▶ [Recorded information]

□ □ □

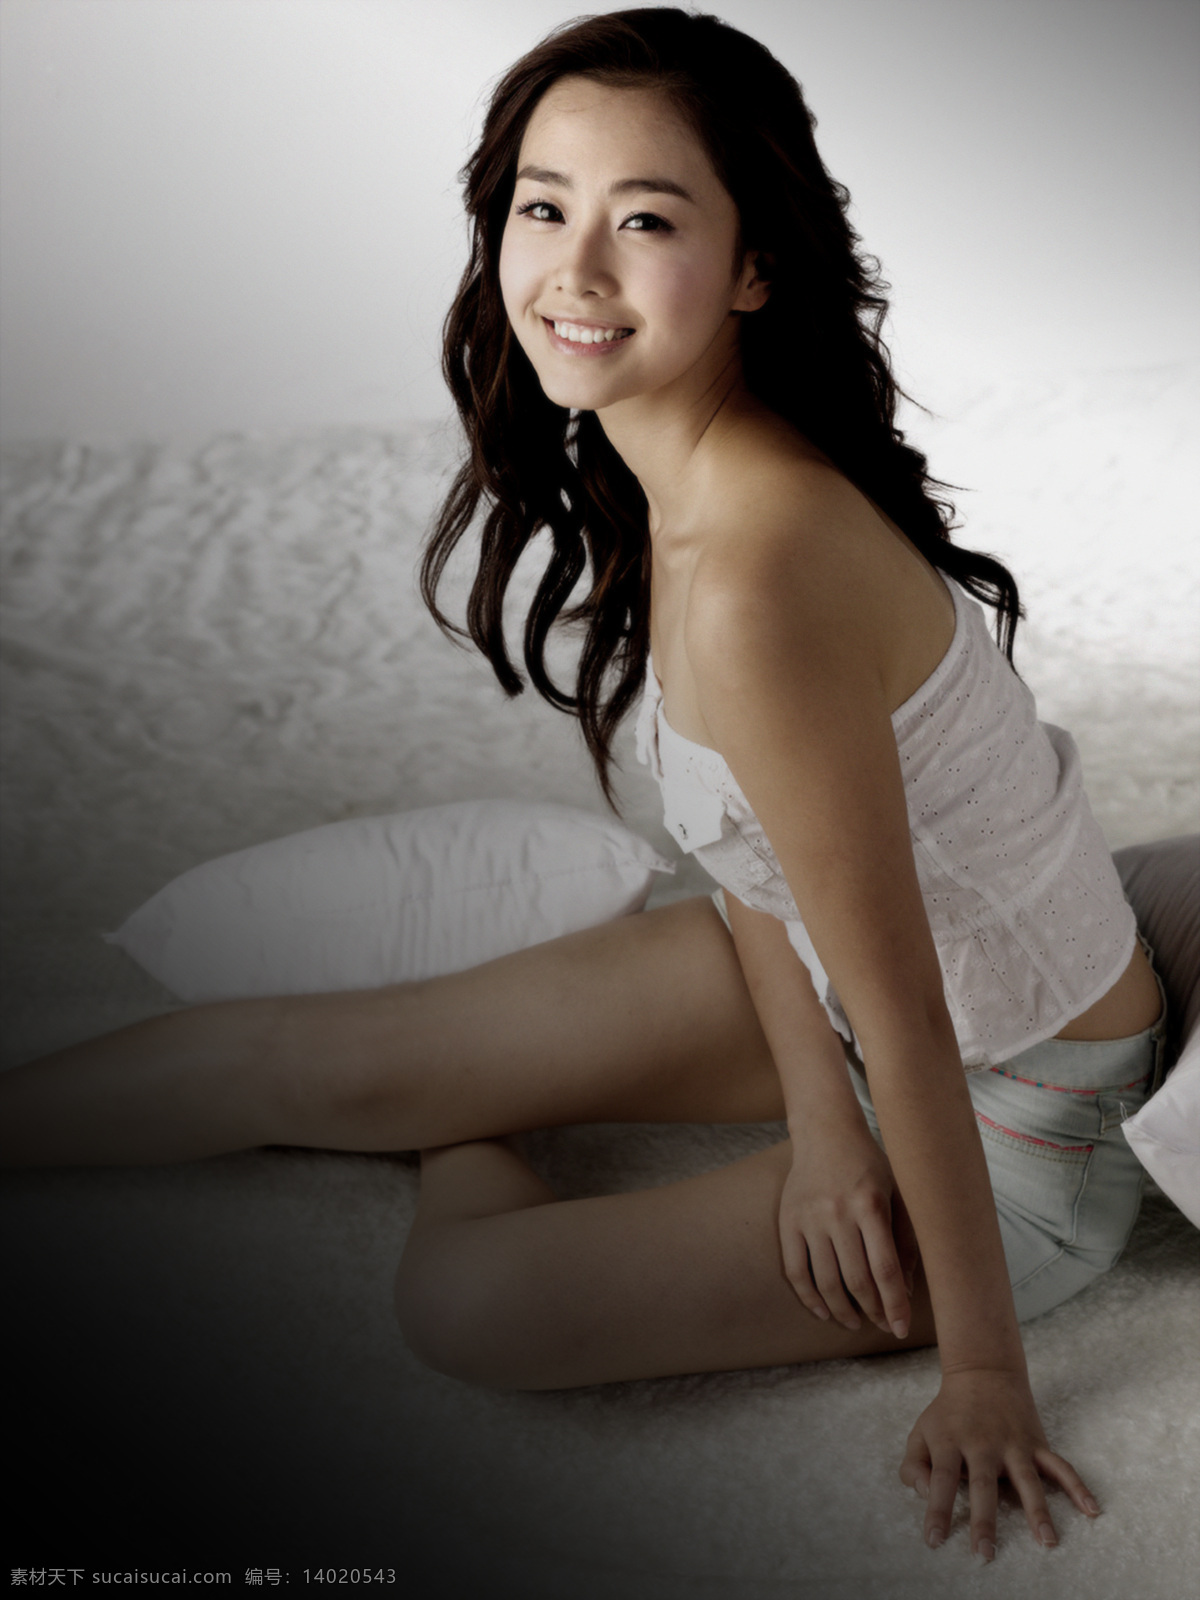 亚洲美女写真 亚洲 美女 写真 韩国 气质 美丽 漂亮 白领 韩国人气mm 亚洲美女 写真集 人物摄影 人物图库
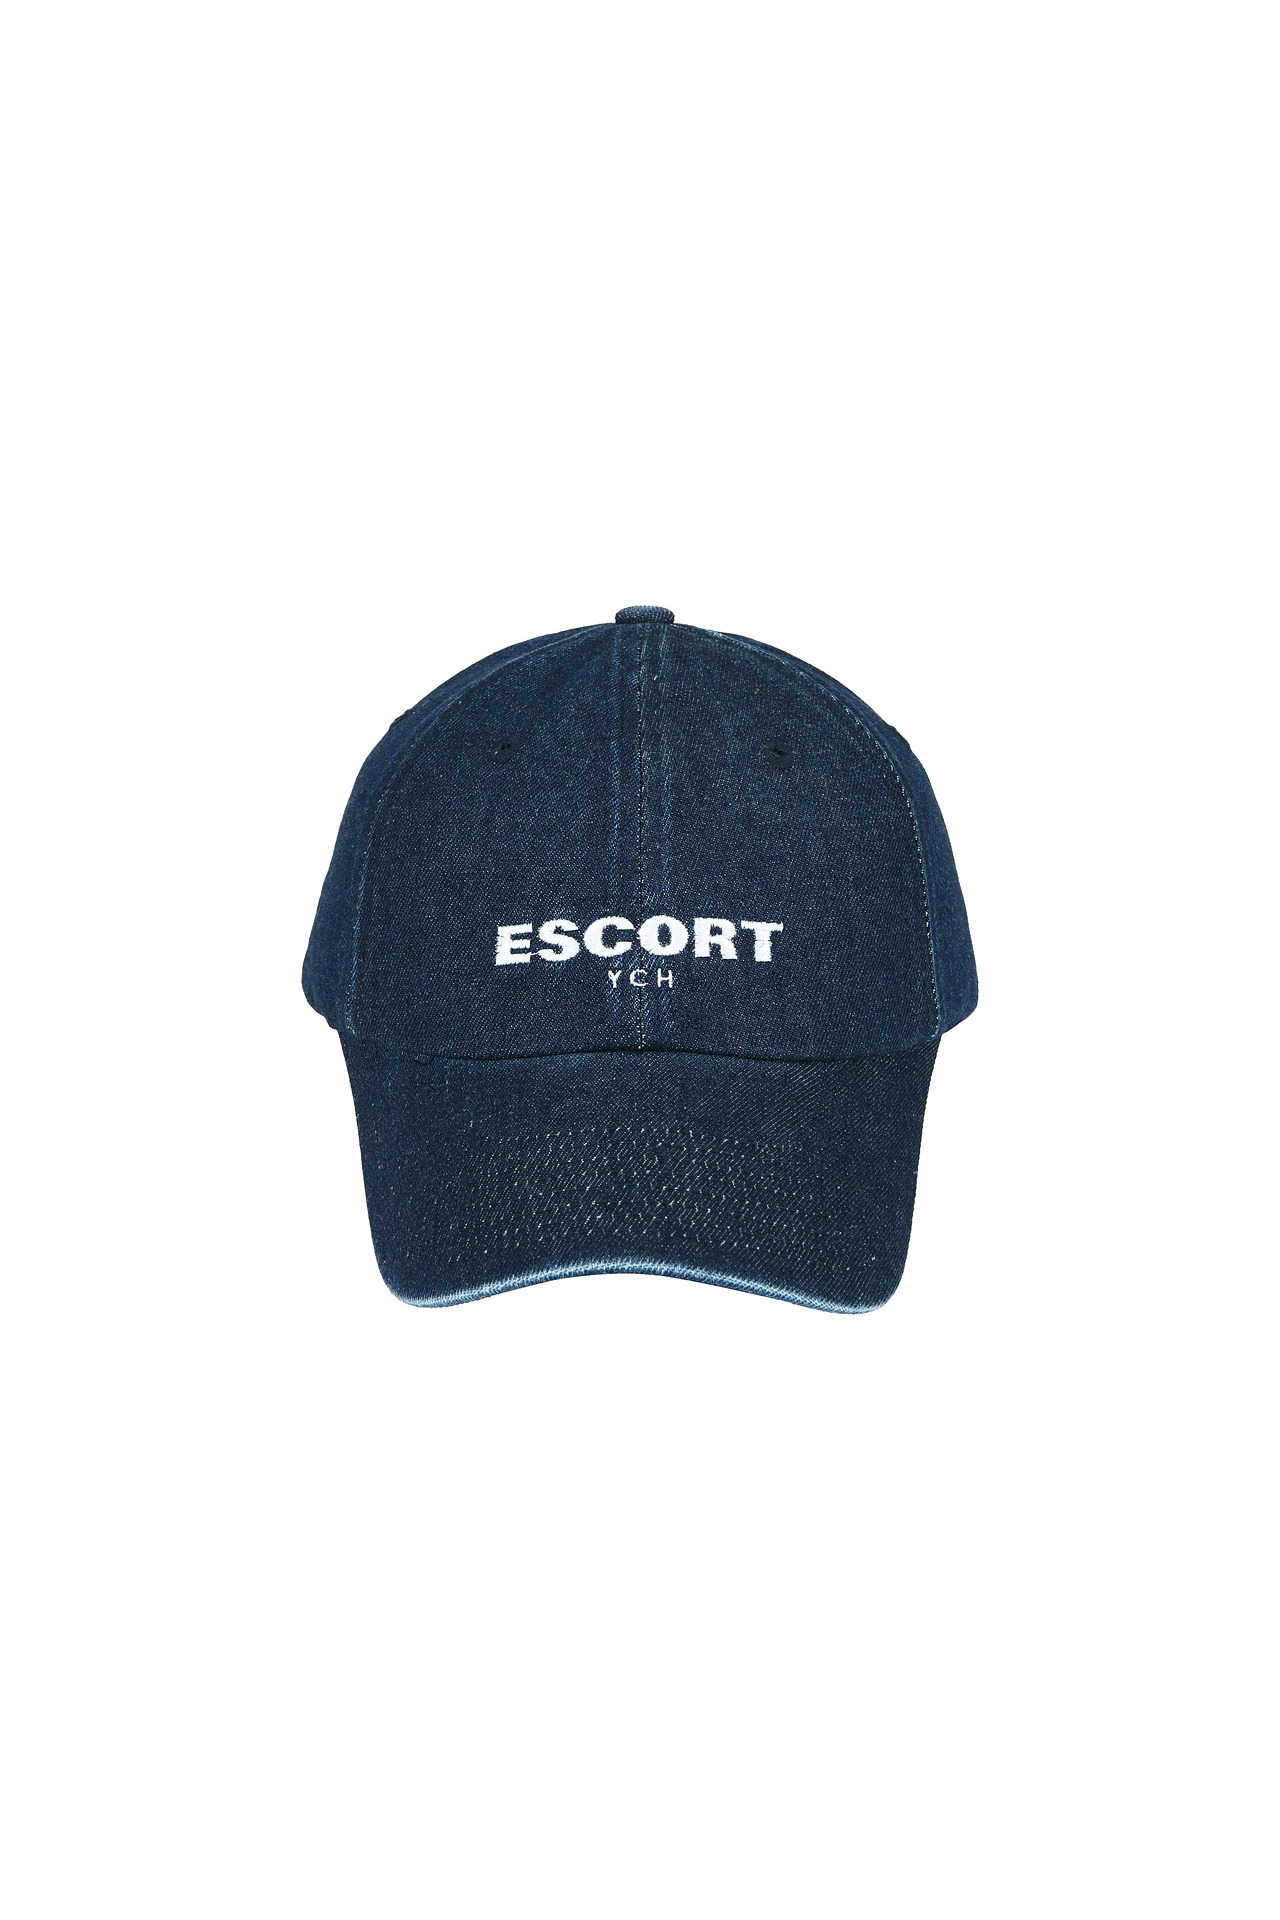 ESCORT-PRINT BASEBALL CAP
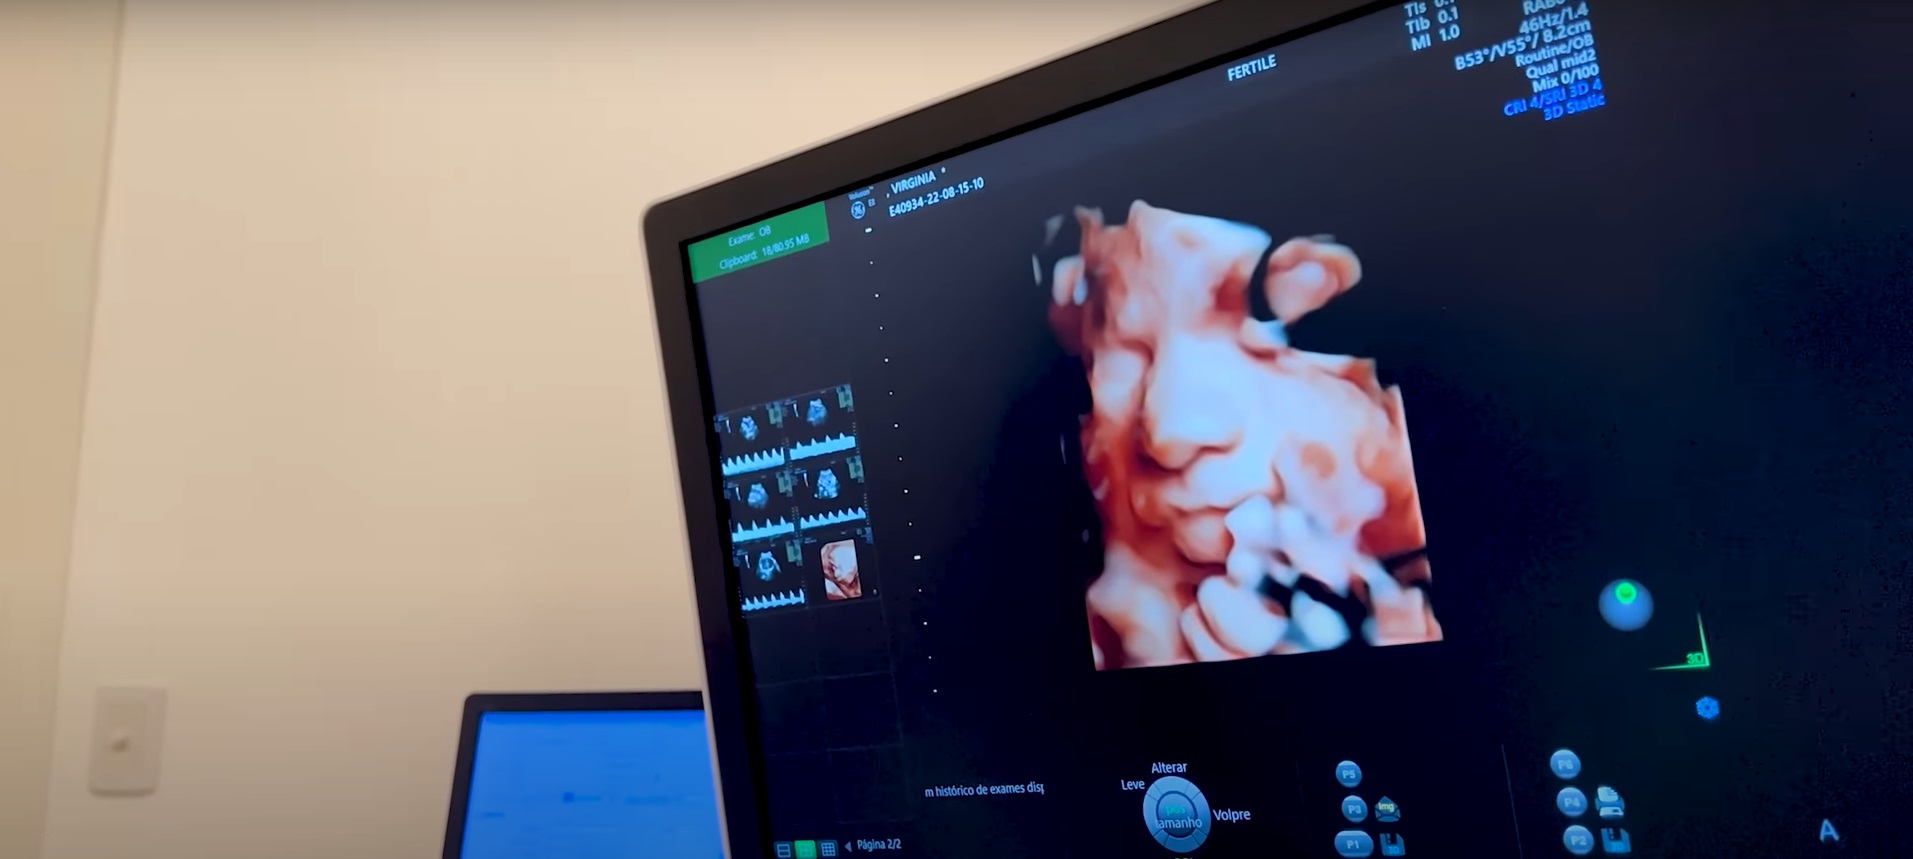 Virgínia Fonseca mostra rostinho da caçula em ultrassom 3D: "Parece a Maria Alice"

□ □ □

▶ [Task description]
Please return all of the material above exactly, minus any pictures.

▶ [Final answer]
 亚洲美女写真 亚洲 美女 写真 韩国 气质 美丽 漂亮 白领 韩国人气mm 亚洲美女 写真集 人物摄影 人物图库
 ESCORT-PRINT BASEBALL CAP
 Virgínia Fonseca mostra rostinho da caçula em ultrassom 3D: "Parece a Maria Alice"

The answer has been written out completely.